Tabel 5 Karakteristik media tanam tailing murni PT Antam UBPE Pongkor

Sifat Kandungan Standar Sifat Kimia Tanah

(Pusat Penelitian Tanah 1983) Fisik: Pasir (%) 50,3 - Debu (%) 38,4 - Liat (%) 11,3 - Kimia: pH 6,6 7 KTK (me/100 gr) 7,88 17-25 C-organik (%) 0,08 2-3 N-total (%) 0,03 0,21-0,5 P (ppm) 3,2 16-25 K (me/100 gr) 0,64 21-40 Ca (me/100 gr) 1,98 6-10 Mg (me/100 gr) 1,07 1,1-2,0 Zn (ppm) 34,6 10-300 Fe (ppm) 60,1 50-250

unsur hara mikro pada tailing dikarenakan tailing berasal dari batuan mineral yang diambil dari lapisan tanah yang berada jauh di bawah permukaan tanah.

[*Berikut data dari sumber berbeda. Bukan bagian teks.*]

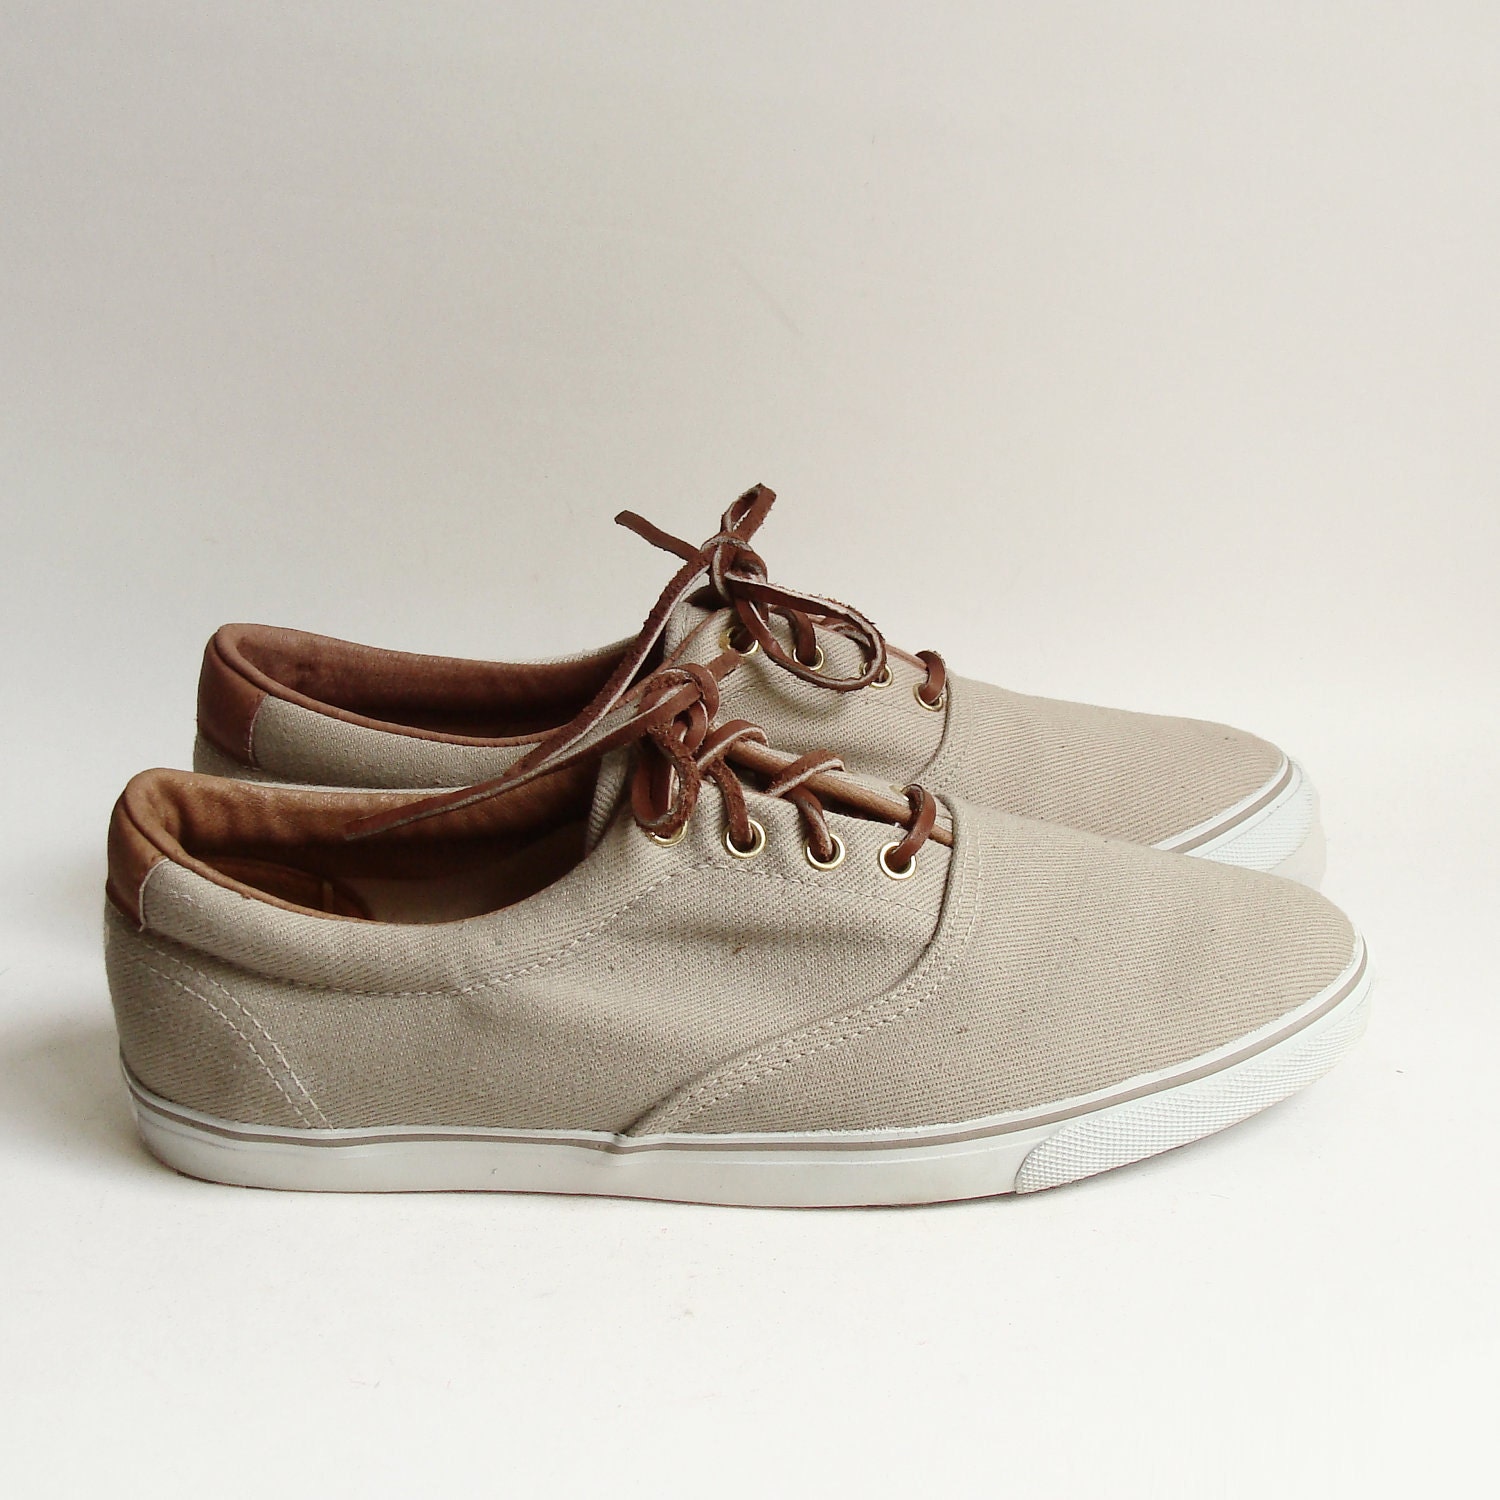 shoes 9.5 / tan canvas boat shoes / 80s 1980s preppy topsiders

Lapisan tanah tersebut mengandung sedikit bahan organik, berbeda dengan permukaan tanah yang mengandung bahan organik lebih banyak.

Tekstur tanah merupakan tingkat kehalusan atau kekasaran suatu tanah.

Tekstur tailing PT ANTAM UBPE Pongkor terdiri dari fraksi pasir sebesar 50,3%, debu sebesar 38,4%, dan liat sebesar 11,3%. Tekstur tailing yang

didominasi pasir ini disebabkan tailing merupakan limbah pertambangan yang berasal dari batuan mineral yang telah mengalami penggerusan sehingga teksturnya akan jauh berbeda dengan tanah pada umumnya. Kondisi tailing yang didominasi oleh fraksi pasir ini memiliki pori-pori yang besar sehingga

tailing memiliki kemampuan yang rendah dalam menyimpan air dan selanjutnya

menyebabkan rendahnya bahan organik dan kapasitas tukar kation dalam tanah (Nurtjahya et al. 2007).

Derajat kemasaman tanah (pH) juga merupakan salah satu faktor tingkat kesuburan tanaman (Lingga 1998). Derajat kemasaman tanah (pH) tailing, yaitu 6,6. Kemasaman tanah ini dipengaruhi oleh adanya proses kimiawi pemisahan emas dari batuan mineral dalam proses pertambangan, namun tailing

ini masih berpotensi untuk digunakan sebagai media tanam tanaman karena tanaman dapat tumbuh baik pada pH 6-7. Unsur P, Ca, dan Mg dapat tersedia dalam jumlah cukup dan unsur hara juga dapat mudah diserap tanaman pada pH tanah yang netral (Departemen Pendidikan dan Kebudayaan 1991).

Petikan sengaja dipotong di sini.